For selected college students, summer on campus is great time to SURF

By Lin Lofley

Asked about the most daunting aspect of his summer as a member of the 2013 Student Undergraduate Research Fellowship (SURF) program, Trevor Hinshaw focused on “priorities” – learning to balance his own with those of the people he worked with.

For many in the latest SURF class at UT Southwestern Medical Center, that appreciation of individual as well as group goals might be just as important a lesson as anything that was witnessed in a laboratory.

Emily Vonderhaar, SURF Participant
Emily Vonderhaar explains her research to QP-SURF participant Dorothy Owens, a student at UT Pan American.

“When you join a group of people who are all working on different projects, you have to learn empathy for priorities,” said Mr. Hinshaw, a senior at Gordon College in Wenham, Mass., who spent the summer in the lab of Dr. Rajiv Chopra, Associate Professor of Radiology in the Advanced Imaging Research Center. “I learned that when I needed something from a colleague that might take an hour, it might not happen for two days because my priorities don’t match those of the person whose help I needed.

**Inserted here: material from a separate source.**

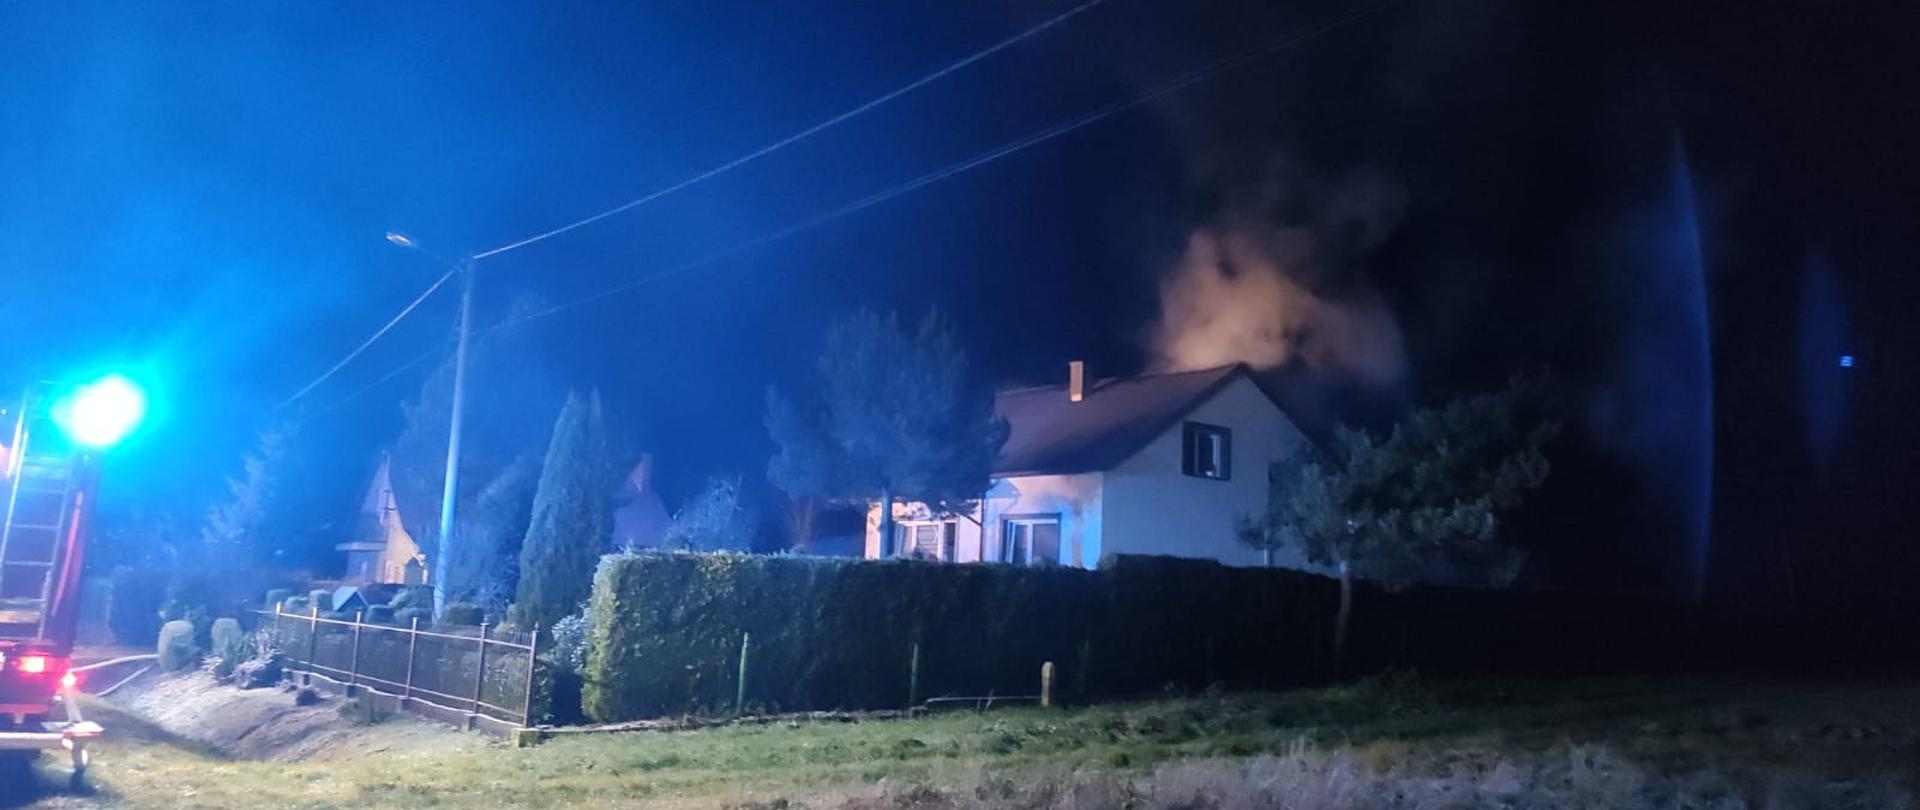 Zdjęcie przedstawia dom jednorodzinny w porze nocnej. Z nad budynku widać unoszące kłęby białego dymu.

I learned to try to give greater attention to the tasks that others needed me to do.”

Mr. Hinshaw was among 63 students from 47 schools who were part of the 2013 SURF program. Nine more students participated in the Quantitative and Physical Sciences program, called QP-SURF, and 15 students served on campus as SURF affiliates, research interns, and members of the Summer Undergraduate Medical Research Fellows (SUMR) program.

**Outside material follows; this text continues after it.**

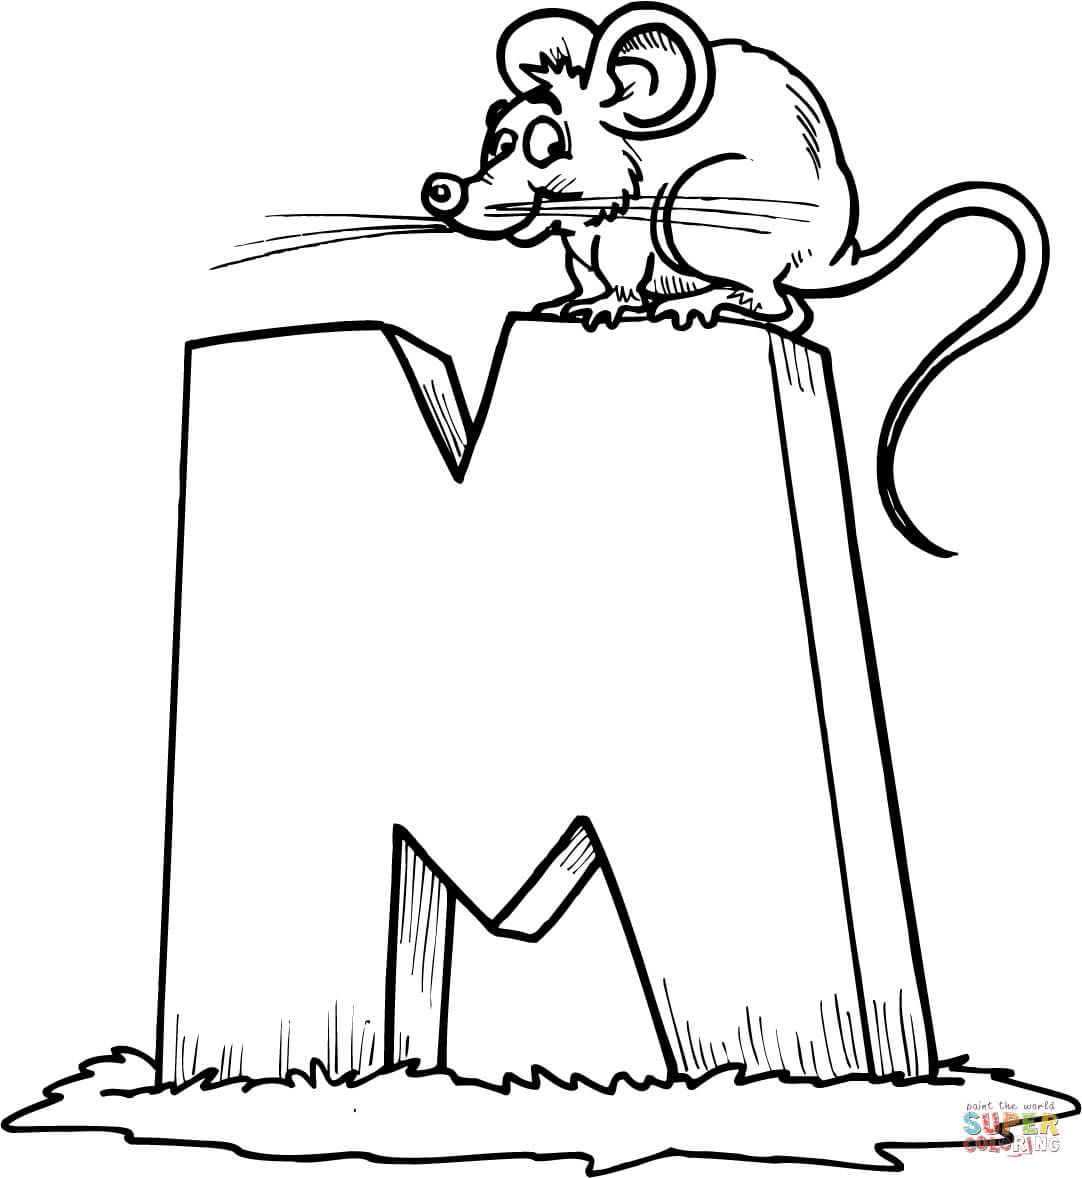 字母 M 是字母 M 中的鼠标

“We had another group of exceptionally bright and motivated young undergraduates,” said Dr. Nancy Street, Associate Dean of UT Southwestern Graduate School of Biomedical Sciences, who has been Director of SURF since 1999. “Their time at UT Southwestern helped them see exactly what is required to be successful as a research scientist, and this includes both science and life skills.

“Each summer I ask them individually, ‘What was your biggest challenge and what surprised you the most during SURF?’ A response I hear quite often is ‘I was surprised that the lab I was working in asked me for my ideas and my opinions; this was gratifying and terrifying at the same time.’ SURF aims to provide these undergraduates a small glimpse of what life as a research scientist involves and then inspire them to pursue that path.”

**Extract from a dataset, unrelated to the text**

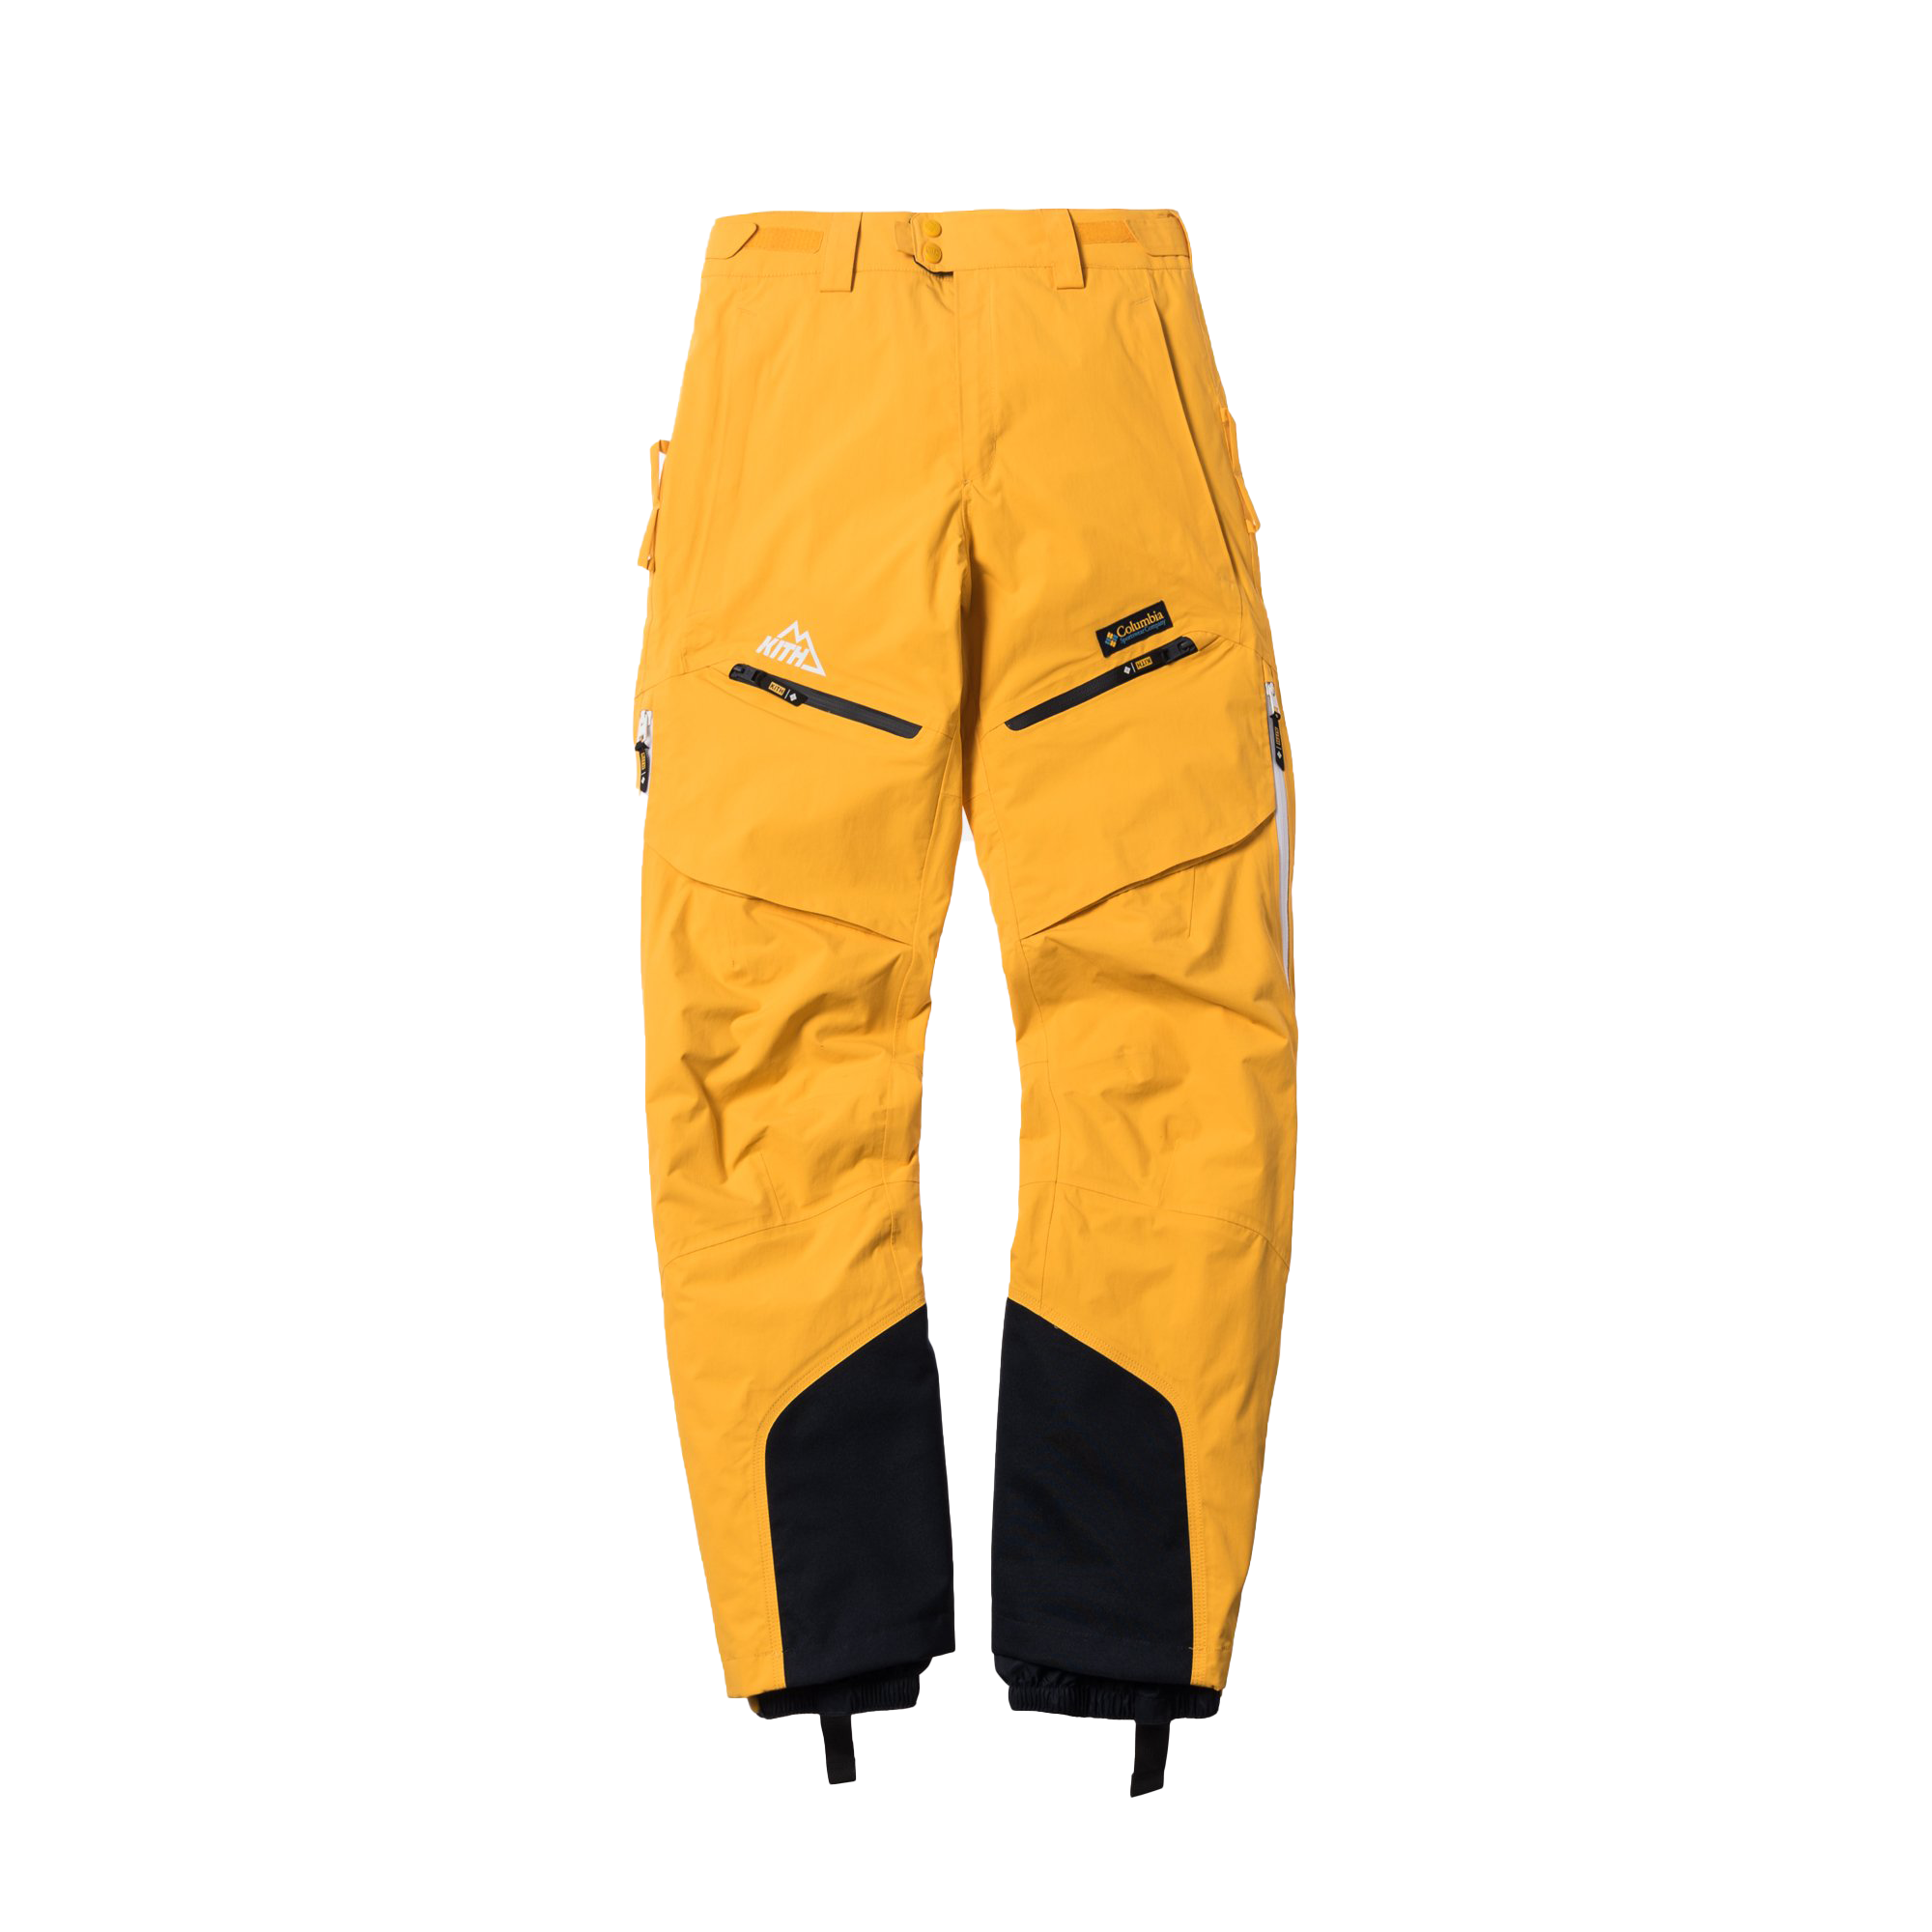 Columbia Bugaboo IV Pant - Ski pants - Men's

In addition to working in UT Southwestern labs, the students took part in the annual seminar series that features talks by top researchers at the medical center, including Nobel Laureates Dr. Michael Brown and Dr. Bruce Beutler.

“It was interesting to hear of their research firsthand, especially after having read about it in my college textbooks,” said Emily Vonderhaar, a senior at Iowa State University who has applied for admission to Medical Scientist Training Programs at a number of schools, including UT Southwestern.

Ms. Vonderhaar spent the summer in the lab of Dr. Benjamin Chen, Associate Professor of Radiation Oncology, and credited him with helping her learn the reasoning behind research processes: “So I can think critically during interpretation.

“This summer I learned that research takes time, and lots of it. It’s actually ‘re-search,’ because it takes multiple attempts before you can confidently explain a finding.”

The SURF students also participated in the traditional poster session at the end of the summer. For some, it was the first time they had ever created a poster to detail their research.

Many of the participants hoped the session marked the end of the beginning of their time at UT Southwestern.

“These summer undergraduate research programs create an excellent pipeline into our Ph.D., MSTP, and M.D. programs,” Dr. Street said. “We selected this summer’s group from more than 1,150 applicants representing some of the best talent in the nation. Their participation in summer research here gives them an in-depth understanding of the excellence and breadth of our research, as well as the top quality of our educational opportunities.”


Dr. Beutler is a Regental Professor and Director of the Center for the Genetics of Host Defense. He holds the Raymond and Ellen Willie Distinguished Chair in Cancer Research, in Honor of Laverne and Raymond Willie Sr.

Dr. Brown is a Regental Professor and Director of the Erik Jonsson Center for Research in Molecular Genetics and Human Disease. He holds the W.A. (Monty) Moncrief Distinguished Chair in Cholesterol and Arteriosclerosis Research, and the Paul J. Thomas Chair in Medicine.